3. The video behavior identification method based on the time sequence causal convolution network as claimed in claim 1, wherein the spatial convolution has convolution kernels with sizes of 3 along the height and width dimensions of the frame image, the convolution kernel size in the time dimension is 1, and the convolution operation of each spatial position is feature fusion of the spatial position and 8 points in its spatial neighborhood; the structure is used for learning frame image space semantic information.

4. The video behavior recognition method based on the time-series causal convolutional network of any one of claims 1-3, wherein the behavior classifier in step 3 is a linear classification layer covering common behavior classes and no behavior classes; mapping the extracted features to a classification space to obtain the probability of each class, sequencing the probabilities of all the classes from large to small, returning the behavior class corresponding to the maximum probability value, and finally obtaining the behavior class.

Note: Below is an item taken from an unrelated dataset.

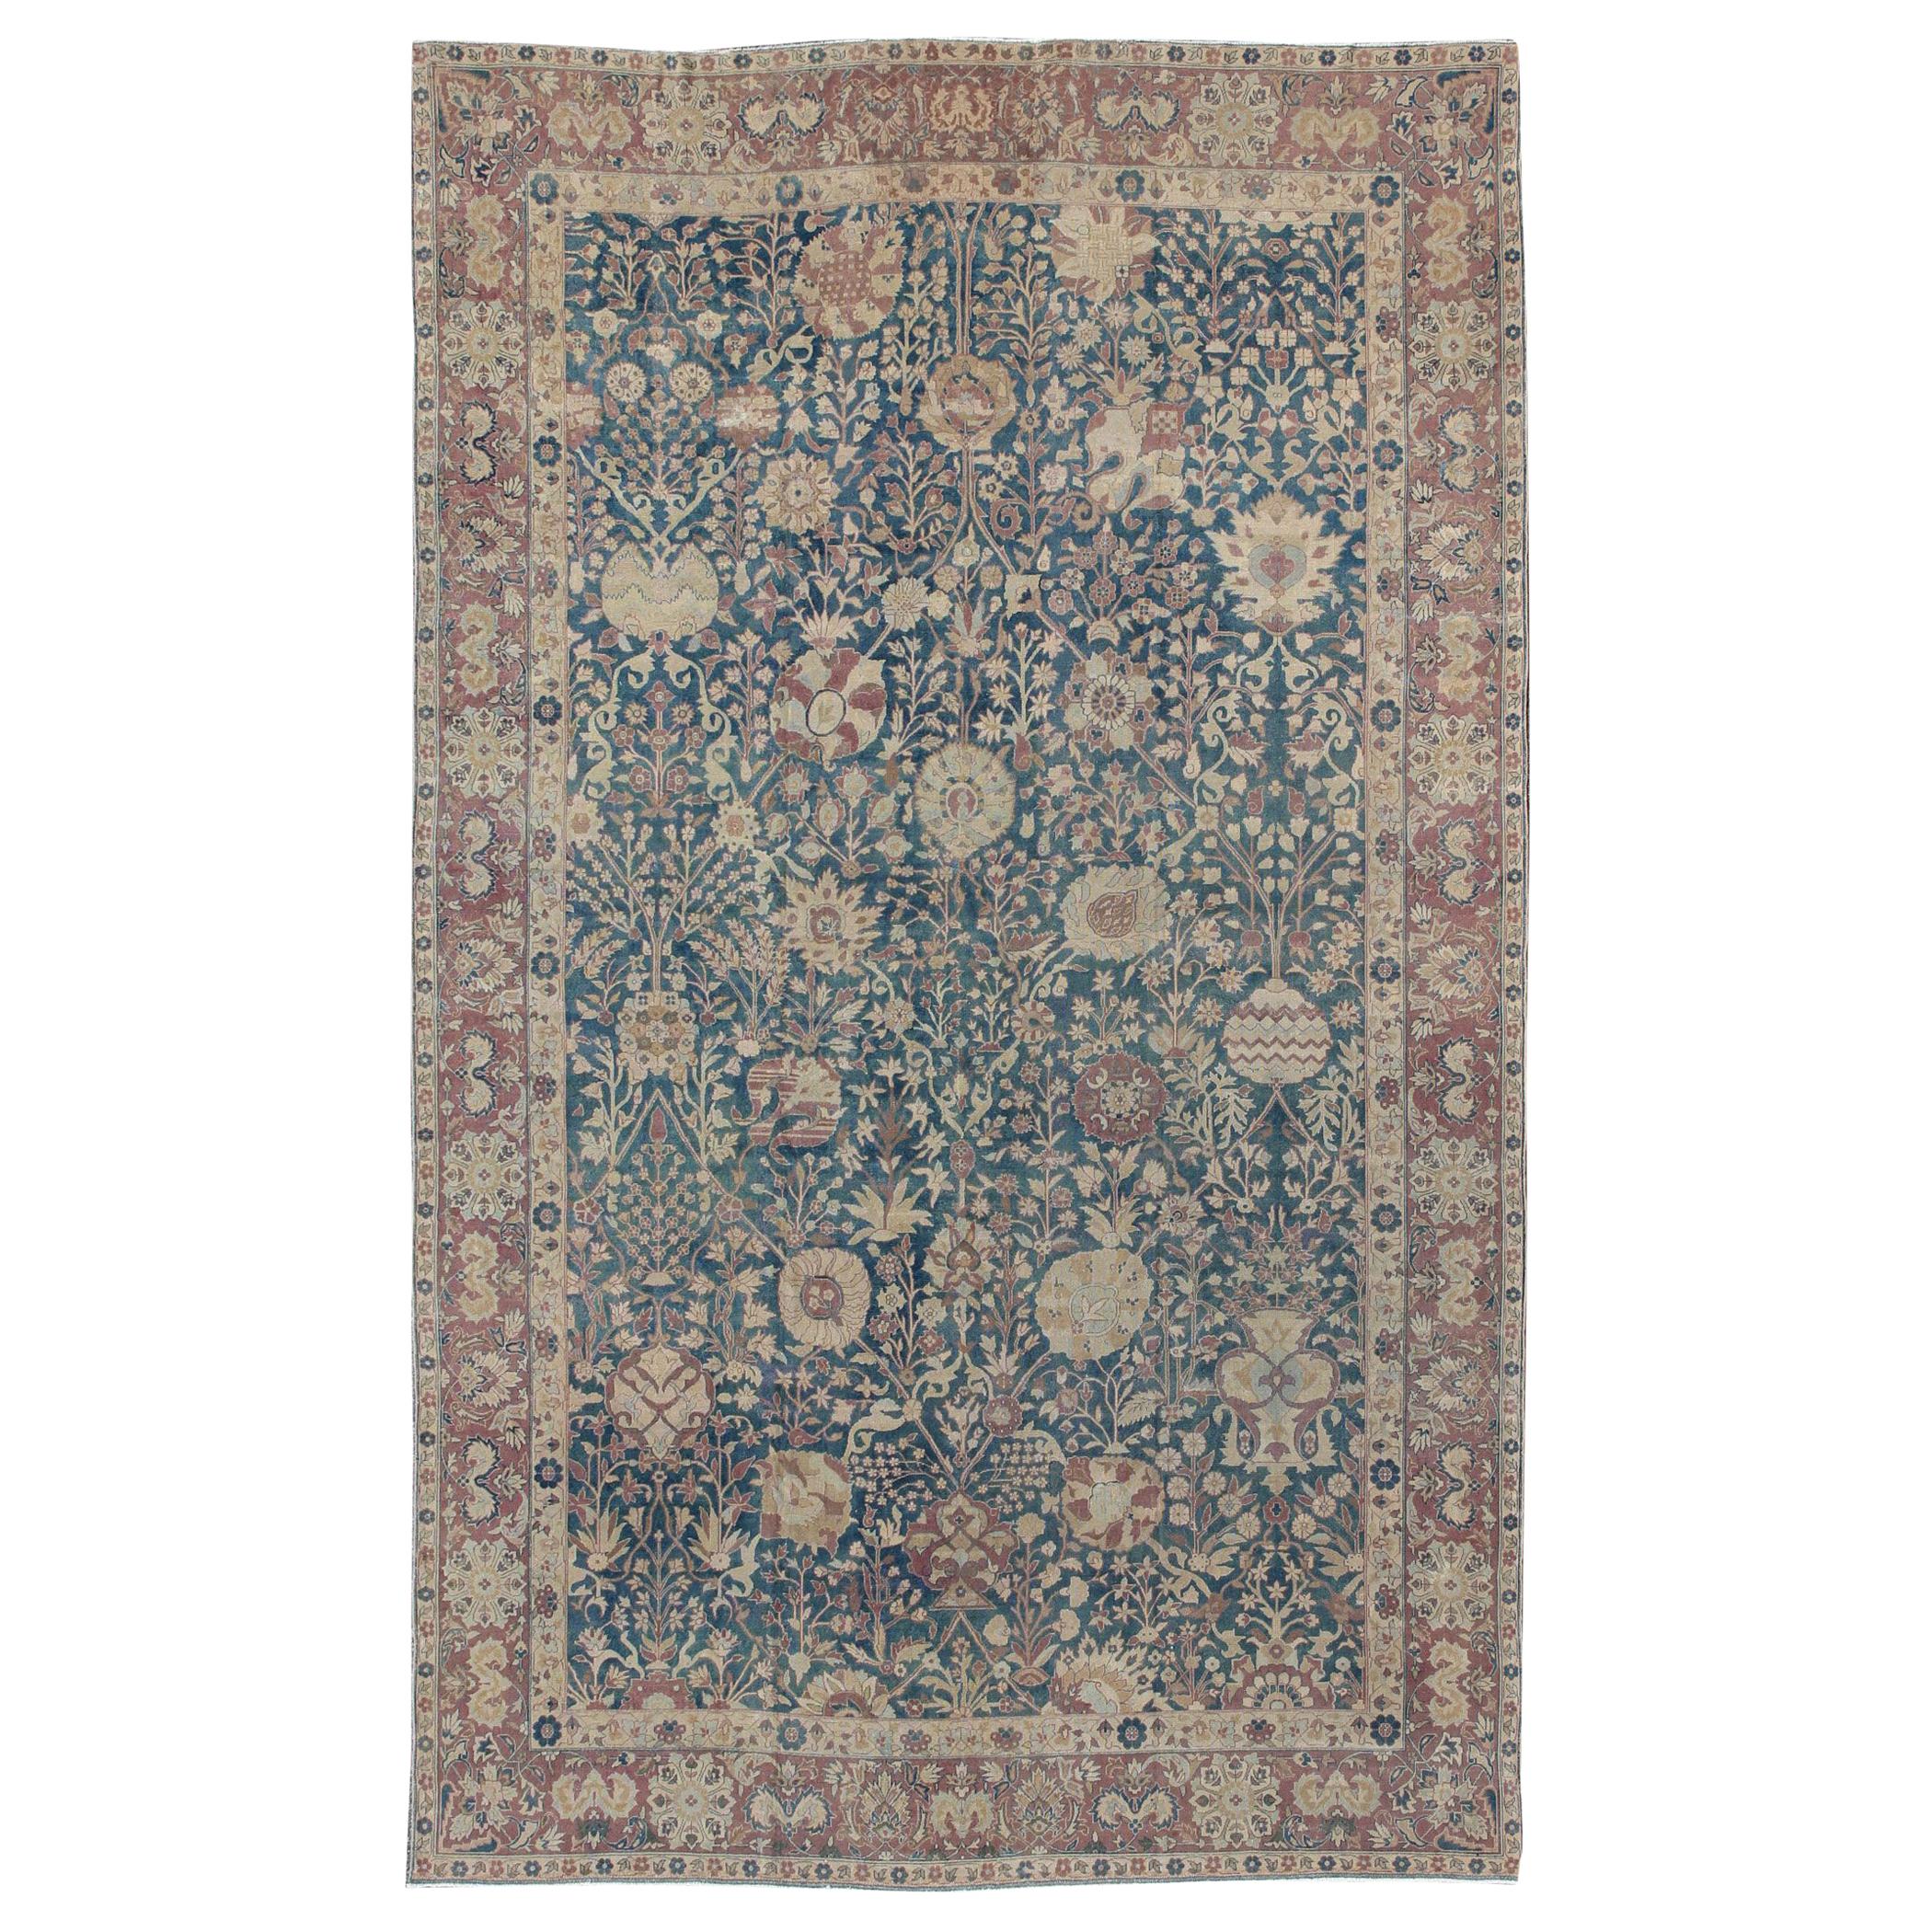 Stunning Antique Indian Agra 19th Century Vase Carpet in Teal Background For Sale

5. The video behavior identification method based on the time sequence causal convolutional network as claimed in claim 4, wherein the regression network in step 3 includes a linear layer and a Sigmoid function, and the current progress of the behavior obtained through the regression network is obtained by obtaining a predicted value between 0 and 1 through the linear layer and the Sigmoid function when a predetermined behavior class is predicted to appear; 0 represents the beginning of the action and 1 represents the end of the action; if no predetermined behavior category is predicted, the return value of the progress regression network is 0, i.e., no progress.

6. The video behavior identification method based on the time sequence causal convolutional network as claimed in claim 5, wherein the convolutional network partial hidden layer feature of the cache time t in step 4 is input into a feature map for the time sequence causal convolutional module to cache the features of the current time and the previous time; for the cause and effect self-attention mechanism module, caching and updating the characteristics of the historical time points stored by the key K at each moment; at the next moment, step 2 will be re-entered to update the prediction state.